Collected data:
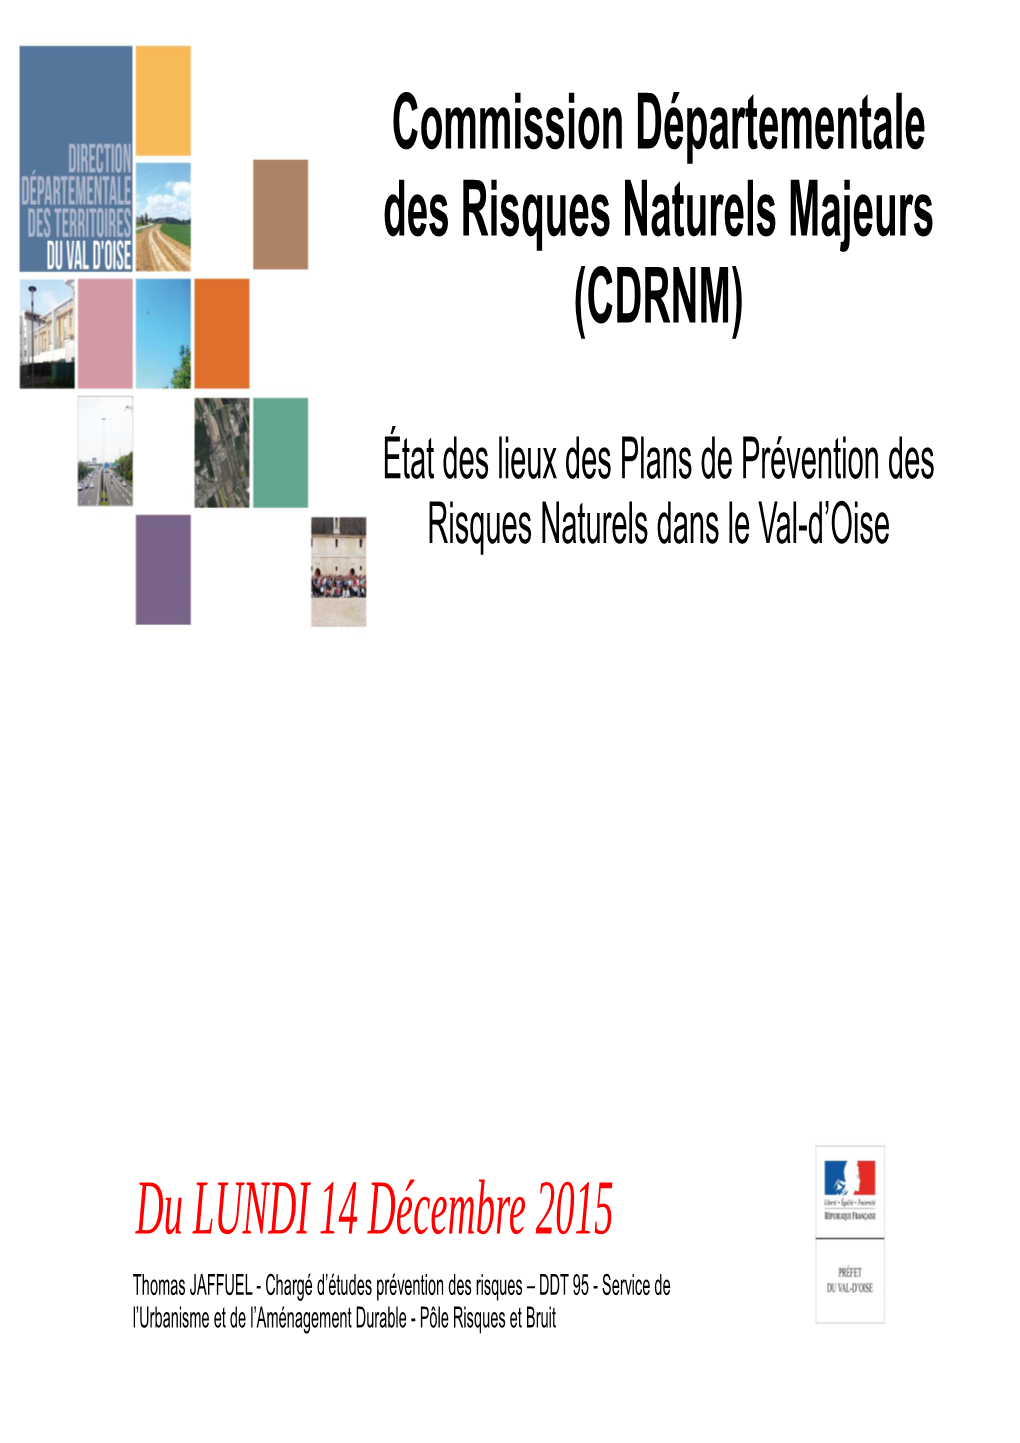 Commission Départementale Des Risques Naturels Majeurs (CDRNM)
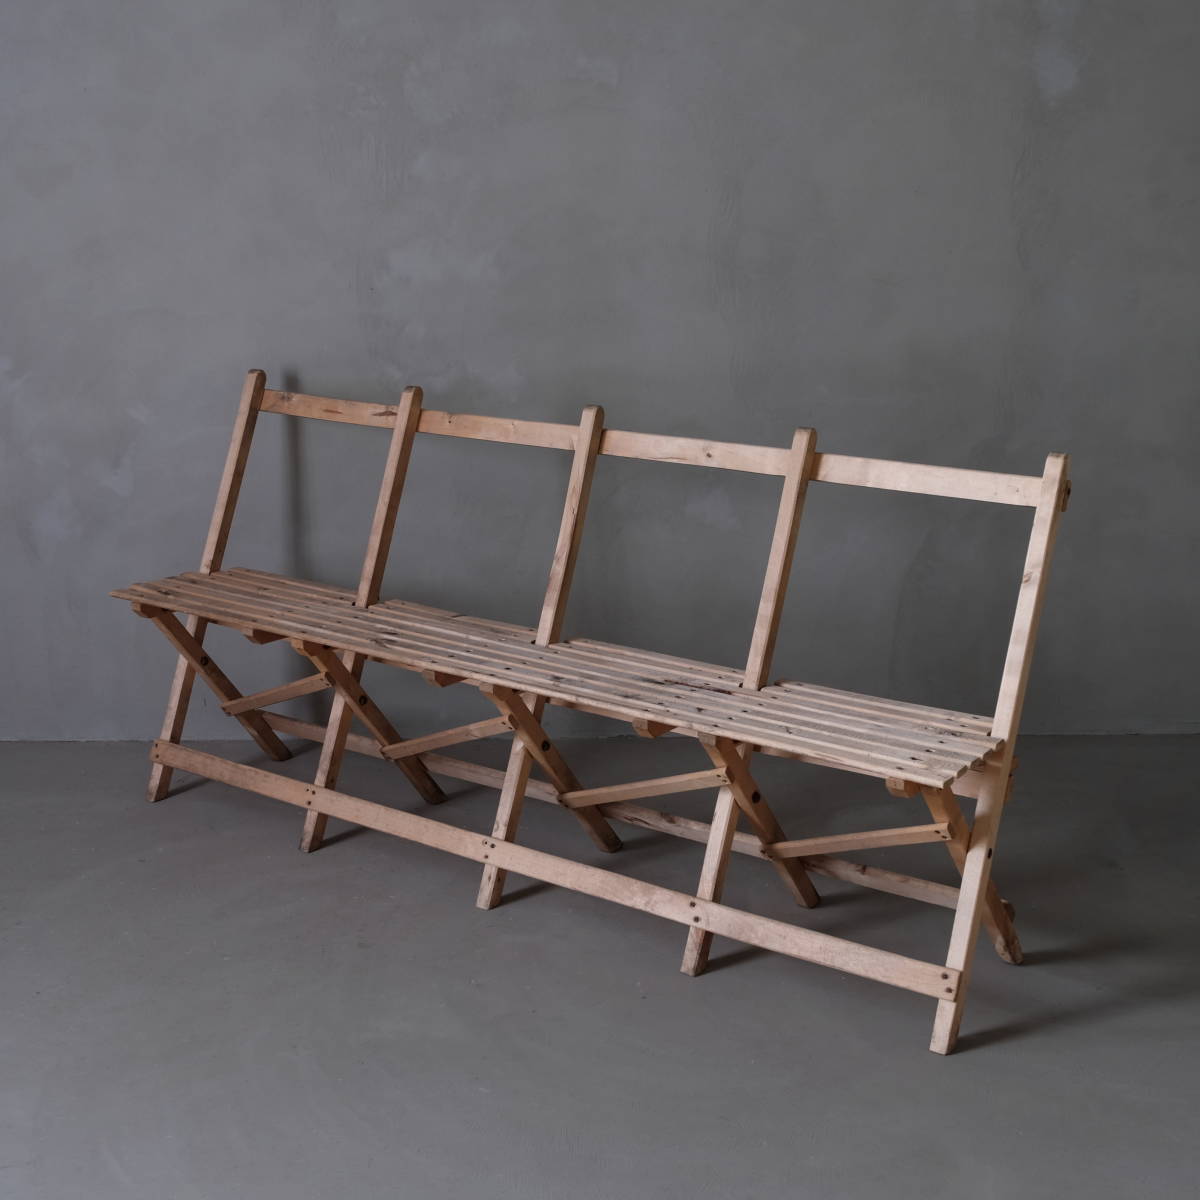 02706 イギリスアンティーク 木製折りたたみベンチ / 長椅子 チェア 英国 ヴィンテージ 古家具
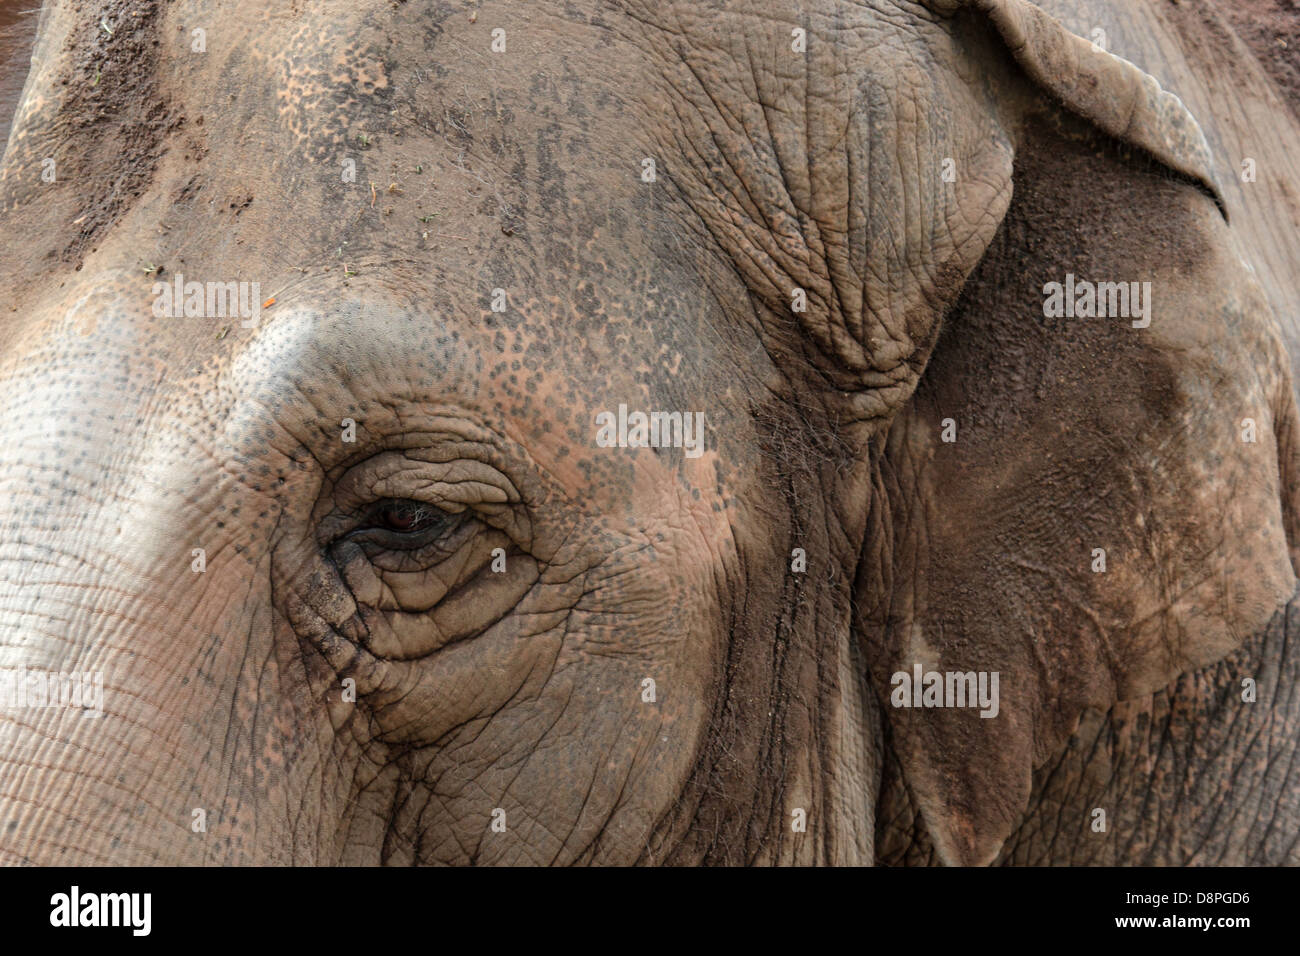 Primo piano dell'occhio ed orecchio di un elefante asiatico, la pelle raggrinzita è coperto da fango Foto Stock

Exercise requirements:
Reproduce the data above verbatim, minus any images.

Answer to the problem:
 Commission Départementale Des Risques Naturels Majeurs (CDRNM)
 02706 イギリスアンティーク 木製折りたたみベンチ / 長椅子 チェア 英国 ヴィンテージ 古家具
 Primo piano dell'occhio ed orecchio di un elefante asiatico, la pelle raggrinzita è coperto da fango Foto Stock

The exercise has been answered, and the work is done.